How I simplified the process of working on open source projects



In this article I will tell you how I tried to participate in the development of some major open source project, I hated myself, and then automated the routine and learned to enjoy life. Details - under the cut.







Why is this even necessary?



Typically, developers want to participate in the open source community for several reasons. Here are some (and probably not all) of them:









I was always primarily attracted by the opportunity to learn something new, to absorb the best practices in software development, but everything else is no less pleasant appendage in this process.







OK, I'm in, where do I start?



The first thing to do is find a task to work on. You are a real lucky one, if you needed to modify some library for your work needs - start a task, discuss with the owners and start implementation! Otherwise, you can refer to the list of open tasks on the project page and pick up something for yourself. Finding the right one is no less important than its implementation, and here it is not so simple. Even if you are an experienced engineer, it may be useful to start with simpler tasks, familiarize yourself with the code base, accepted development processes, and only then take on a bigger feature.







How to find tasks for beginners?



Some time ago, github began to show suitable tasks for beginners.

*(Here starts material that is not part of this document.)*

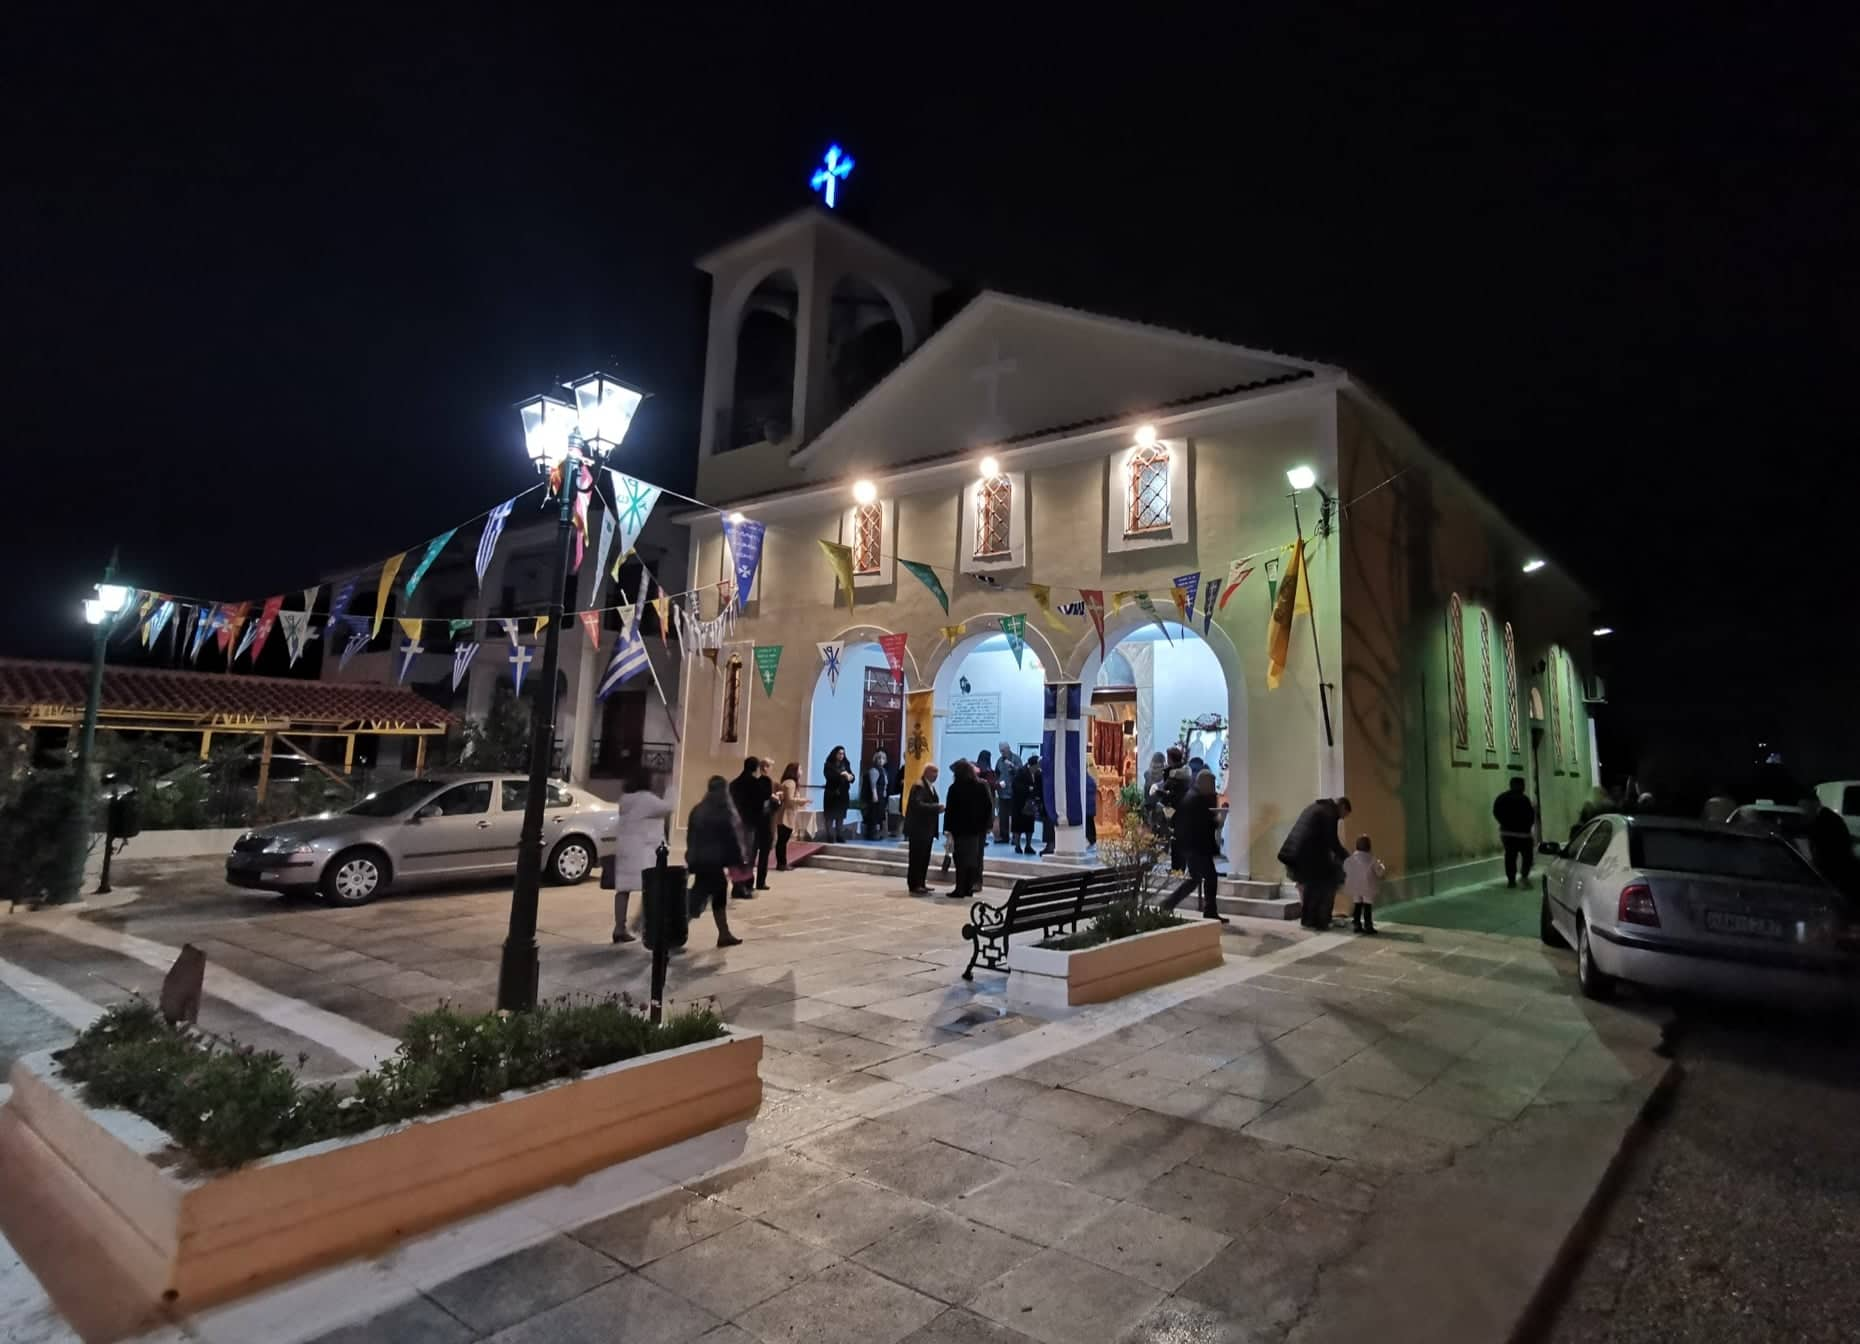 Πύργος: Στον Ι. Ναό Αγίου Ελευθερίου  εορτάστηκε ιεροπρεπώς ο «βοηθός των επίτοκων Γυναικών», Ιερομάρτυς Ελευθέριος (photos)

You can see them by going from the announcement in the header of the issues page







And here is our treasured page







Having settled on these "tools", my usual day began to look like this - I opened the list of projects that I wanted to work on (to keep them handy, I marked them all with little stars), went to the above section or searched through the desired tags through the search, simultaneously searching those that are used in this particular project. Needless to say, going around 40-60 repositories cost a huge heap of strength and quickly bored me. In the process, I became irritable, lost my patience and abandoned this thing. On one of these days, I realized that I could automate the search process and proceeded to compile a TOR.







Requirements





After that, I began to analyze different repositories for the labels used. It turned out that there is a huge bunch of different labels, some of which are unique to specific repositories / organizations. Case-sensitive, I compiled a list of ~ 60 tags







Solution Development



As a tool, I decided to use Kotlin, which was already familiar to me, and implemented the following algorithm: go through all the repositories marked with an asterisk, get all the tasks that fit the requirements, sort by the date of change, discard too old ones and display them. The resulting list is divided by timestamps - for today, for yesterday, for the past week, for the month and everything else - thanks to this it has become much more convenient to use the program on a regular basis. I decided that at the first stage the application will be a console utility, so the output goes just to stdout.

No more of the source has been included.